Николай Иваныч молчал.

– Вы вообразите себе, – продолжал молодой человек, – что вы, в самом деле, поставлены в необходимость все взвешивать и обдумывать, ведь вам жить будет невозможно. Если у вас есть сегодня кусок хлеба, чтобы утолить голод, вы не будете его есть – кто знает, может быть, сегодня же вас обокрадут, лишат возможности купить другой кусок хлеба. И вы не смеете есть, вы морите себя голодом в том расчете, что вам, может быть, завтра еще понадобится этот самый кусок хлеба. А завтра что? да ведь и завтра не легче, потому что из-за завтра глядит столь же черное и чреватое разными невзгодами послезавтра… Нет, Николай Иваныч, птицам небесным не следует думать о завтрашнем дне, а мы все, в настоящую минуту, более или менее птицы небесные! Это не утешительно, но несомненно.

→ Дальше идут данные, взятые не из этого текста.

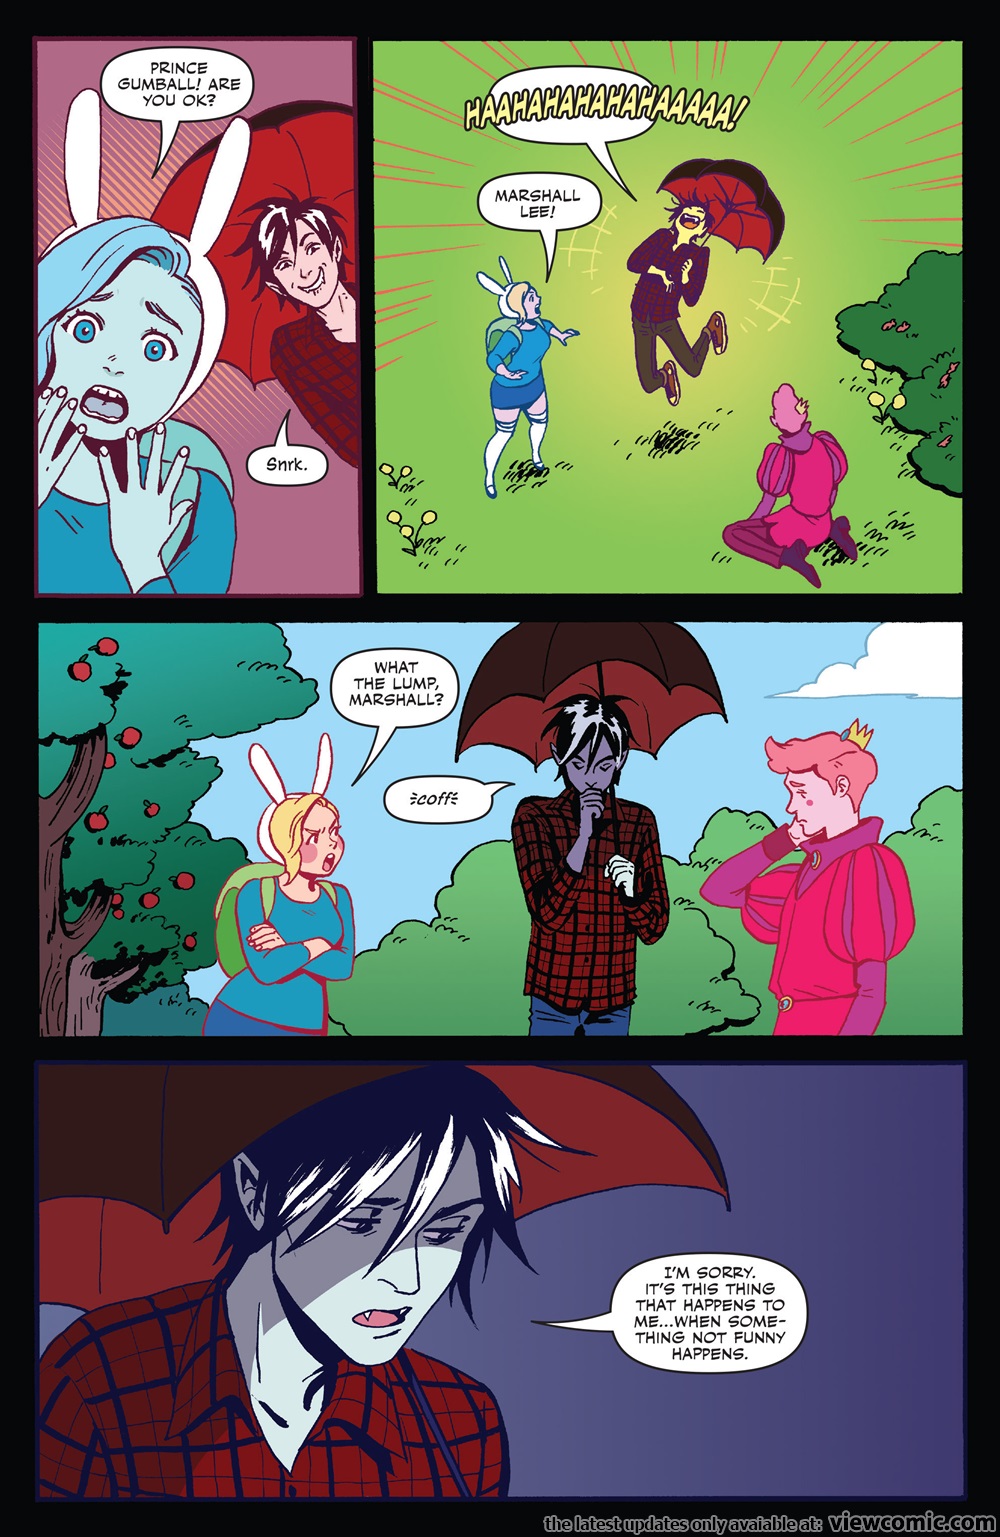 Prince Gumball Gay Porn - Adventure Time Marshall Lee Spectacular 001 2017 | Read Adventure Time  Marshall Lee Spectacular 001 2017 comic online in high quality. Read Full  Comic online for free - Read comics online in high quality .

– A bas Николая Иваныча! a bas золотую посредственность, ослиные добродетели! – закричали хором присутствующие.

– Да ведь этак, – начал тот же юноша, – вы, пожалуй, всю вину свалите на человека; этак, если я оборван да оглодан, так я отчета нигде попросить не могу, отчего, дескать, я оглодан: пеняй, мол, сам на себя, сам во всем виноват. Гнусно, Николай Иваныч, ужасно гнусно!

– Гнусно, Николай Иваныч! – кричала толпа.

Николай Иваныч ходил по комнате и только отдувался, теребя усы.

– Однако ж, Николай Иваныч, вы что-то начали говорить об людях, которые сами себе с особенным удовольствием пакостят, – заметил один из присутствующих, – верно, у вас в запасе какая-нибудь история. Не ради принципа, а ради скуки, снедающей нас, расскажите нам ее.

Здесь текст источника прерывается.